ML-Ops for RAG end to end pipeline


Basic Steps

  1. Data Collection and Preprocessing: Automate data collection, preprocessing, and feature extraction using Airflow.
  2. Model Training: Train models using Kubeflow pipelines, tracking experiments with MLFlow.
  3. Model Storage and Versioning: Store models in MLFlow Model Registry and artifacts in S3.
  4. Deployment: Deploy models using Seldon Core, expose APIs via AWS API Gateway.
  5. Monitoring and Logging: Monitor performance with Prometheus and Grafana, log data with ELK Stack.
  6. CI/CD: Automate deployments with GitHub Actions, manage infrastructure with Terraform.
  7. RAG Specific: Use Pinecone for vector searches, fine-tune LLMs with Pytorch, integrate with Haystack for the RAG pipeline.

ExtractiveQAPipeline:

  • Extractive QA pipeline extracts answers directly from the context provided in the documents.
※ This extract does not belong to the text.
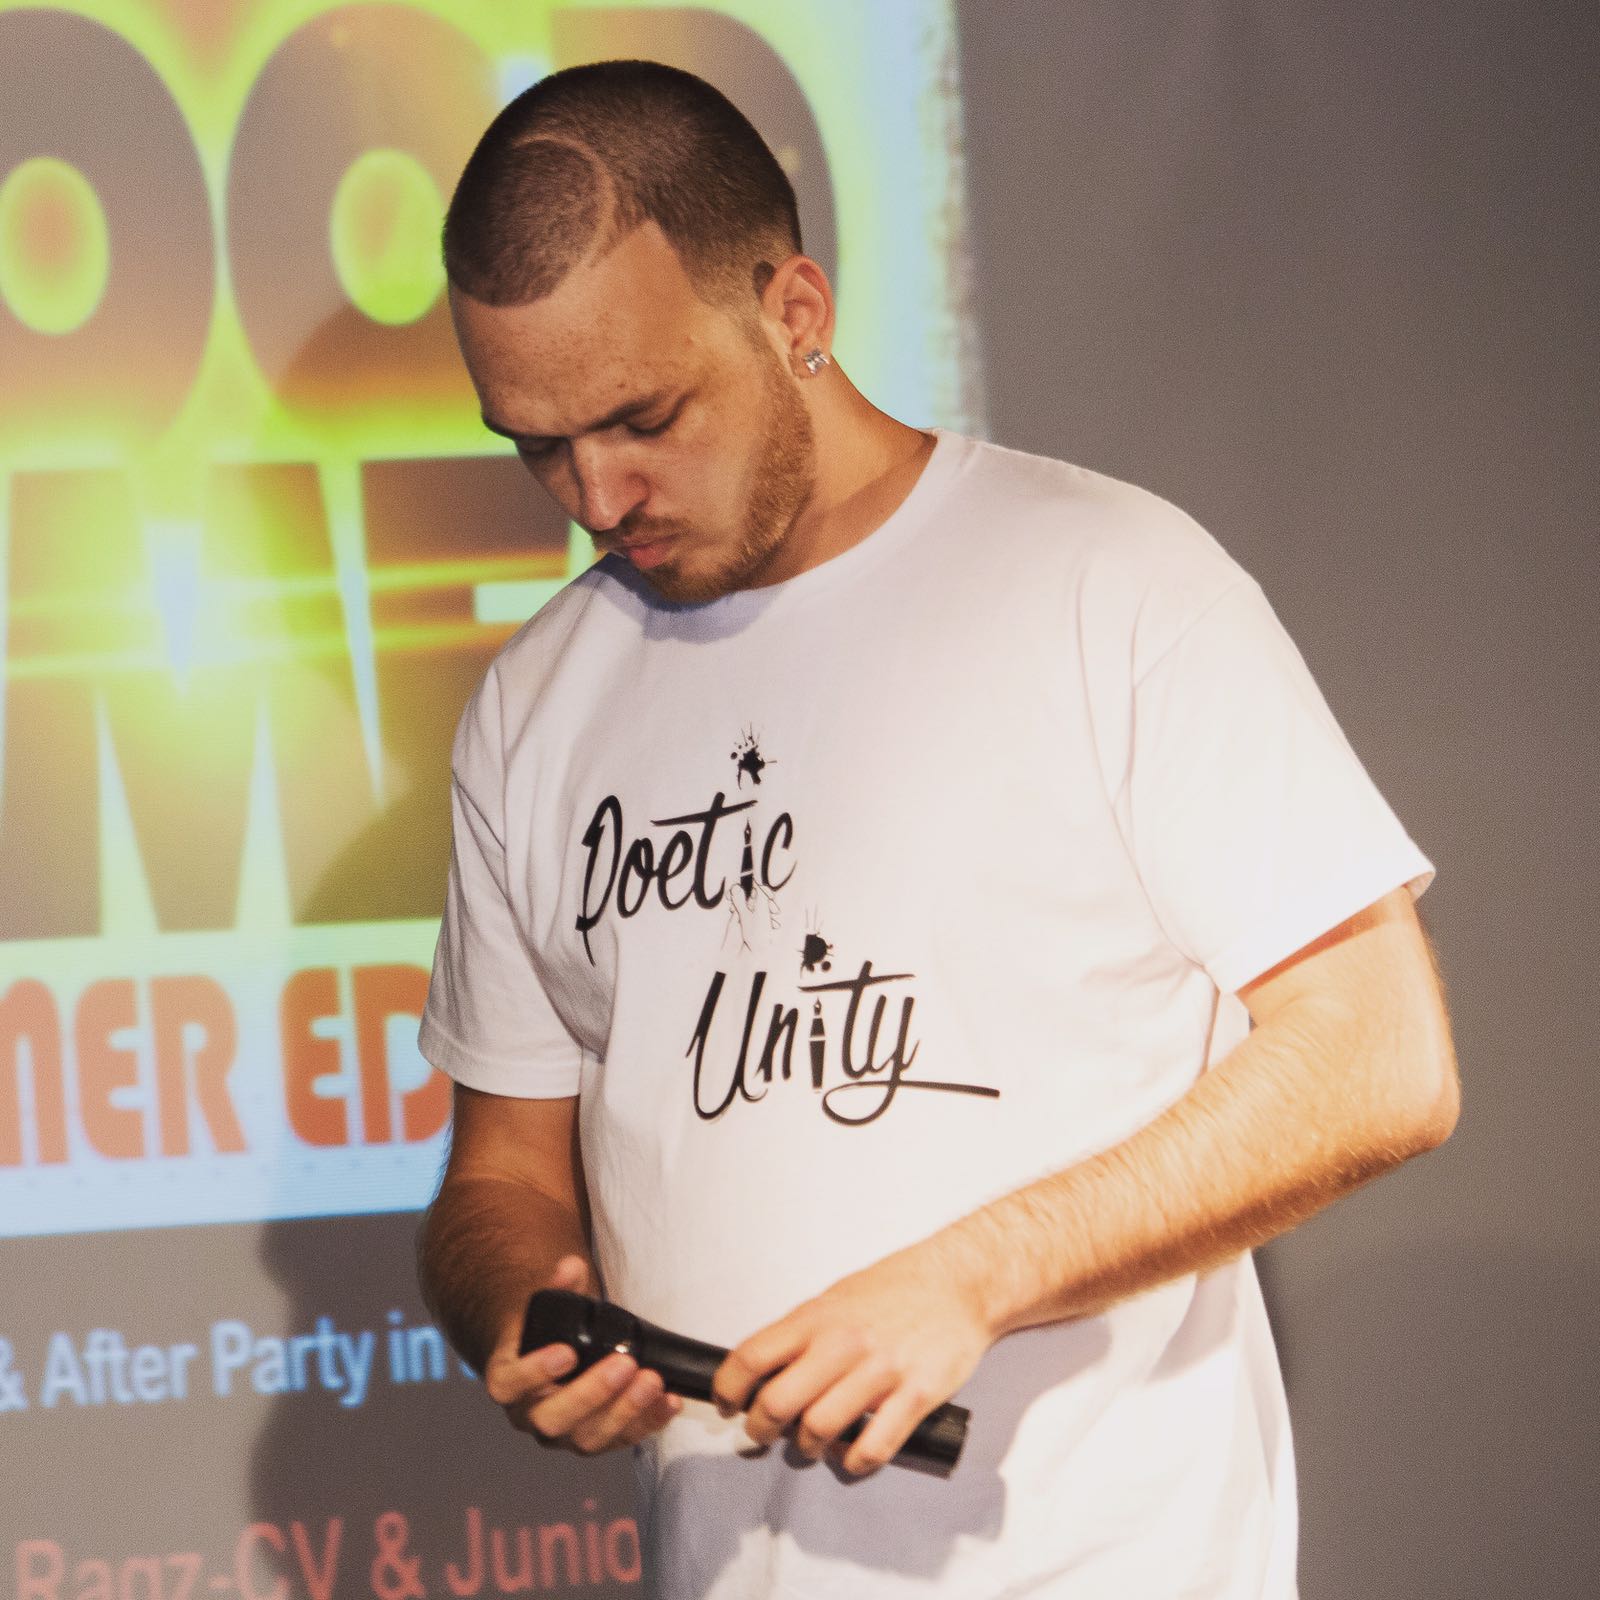 Poetic Unity: An Interview with Ragz CV

It typically involves a retriever to fetch relevant documents and a reader to pinpoint the exact answer span within these documents.
  • Other options:
    • Hybrid QA Pipeline: Combines both extractive and generative approaches
    • Generative QA Pipeline: Uses generative models (like GPT-3)
  • Extractive Reader: This component extracts precise answers from documents by identifying spans of text that directly answer the query. It uses models like BERT or RoBERTa trained for extractive question answering tasks.
  • Generative Reader: This component generates answers in natural language, which can be more flexible and produce more nuanced responses. It typically uses models like GPT-3, T5, or other generative transformers trained for QA tasks.
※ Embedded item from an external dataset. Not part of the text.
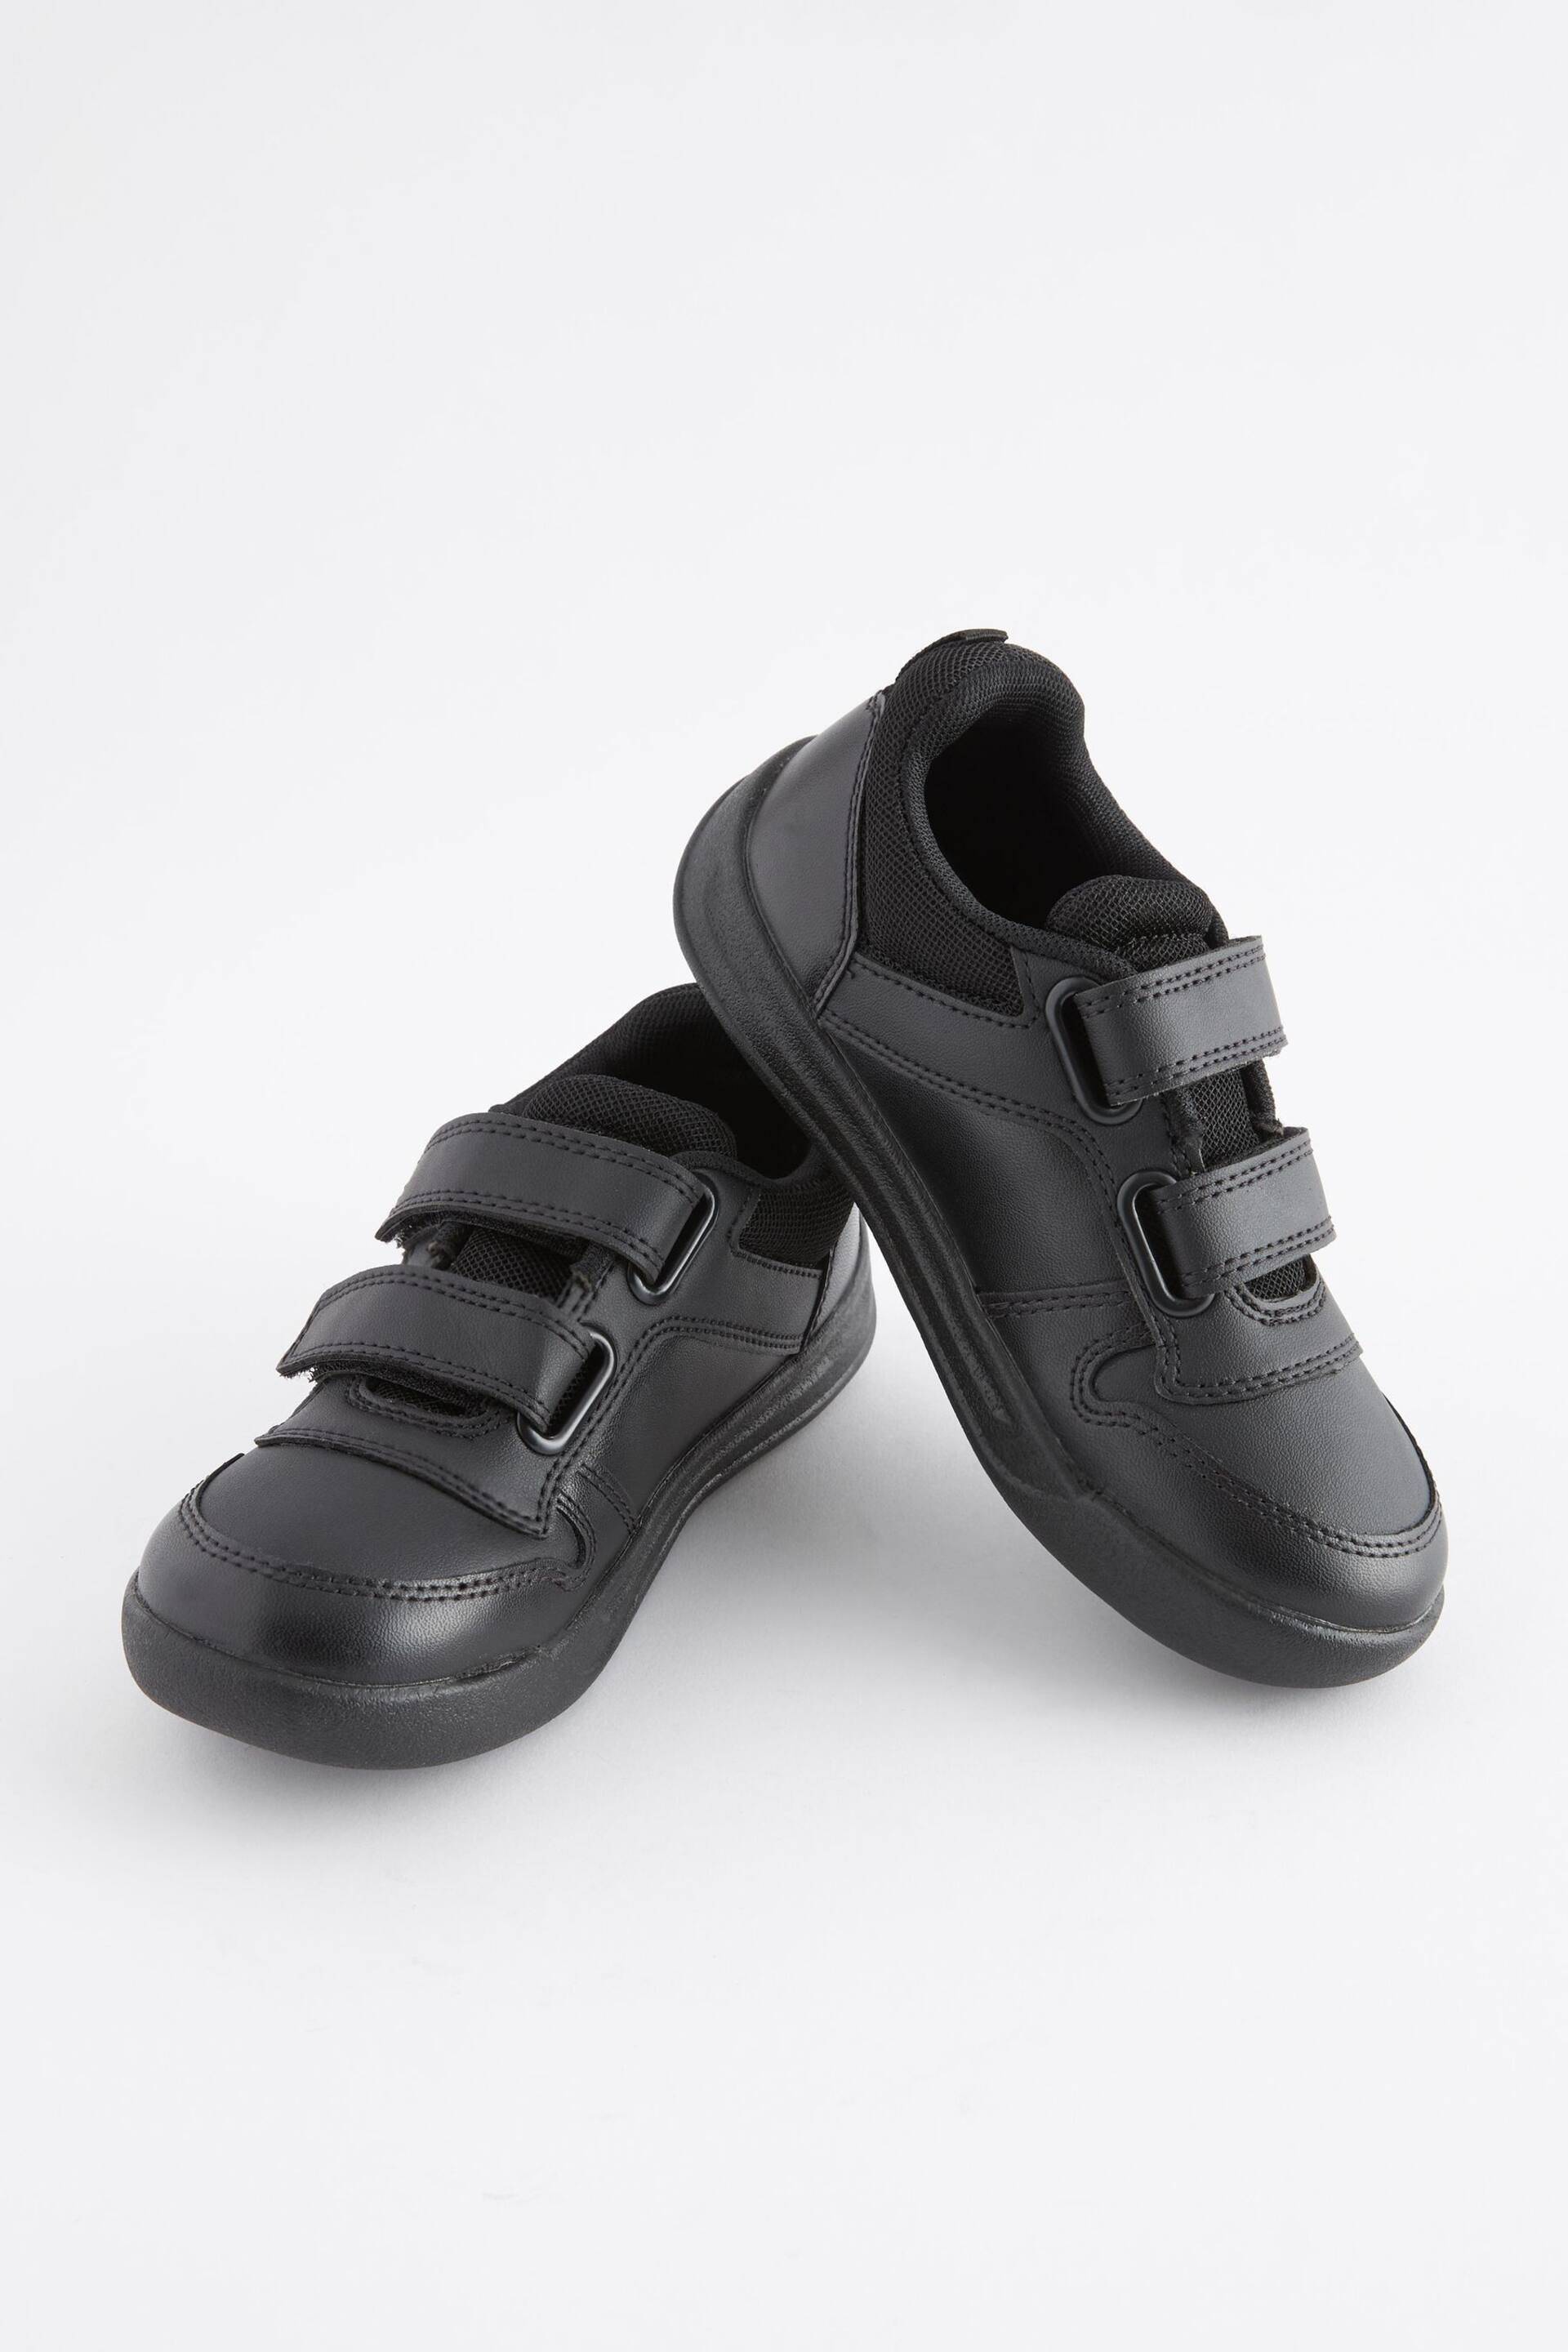 Black Strap Touch Fasten Extra Wide Fit (H) School Trainers - Image 1 of 6

Dense Passage Retriever (DPR):

  • DPR uses neural embeddings to represent both questions and documents.
  • Both questions and documents are encoded into dense vectors in the same latent spacer
  • Other options:
    • BM25 (Best Matching 25)
    • TF-IDF (Term Frequency-Inverse Document Frequency)

Haystack:

  • Haystack is an open-source framework for building end-to-end search and question-answering (QA) systems.
  • Components : document stores, retrievers, and readers
  • Other options:
    • Hugging Face Transformers: Using Hugging Face’s pre-trained models directly
    • OpenAI GPT Models: Directly using OpenAI’s API for question answering tasks

MLOps stack

  1. Data Ingestion
    • Apache Airflow, AWS S3
  2. Data Storage
    • S3 Bucket
  3. Data Processing and Feature Engineering
    • Pandas/Spark
  4. Model Training and Validation
    • MLFlow
  5. Model Versioning and Registry
    • MLFlow Model Registry
  6. Model Serving
    • Seldon Core
  7. Monitoring and Logging
    • ELK Stack
  8. CI/CD
    • Jenkins
  9. RAG components
    • Pinecone for Vector Database
    • Haystack for Document Retrieval and Question Answering
    • LangChain for Chain of Components

Dummy code for reference

Indexed processed data into pinecone

import pinecone
from sentence_transformers import SentenceTransformer

# Initialize Pinecone
pinecone.init(api_key='pinecoe-api-key', environment='us-west1-')
index_name = 'construction-docs'
if index_name not in pinecone.list_indexes():
    pinecone.create_index(index_name, dimension=768, metric='cosine')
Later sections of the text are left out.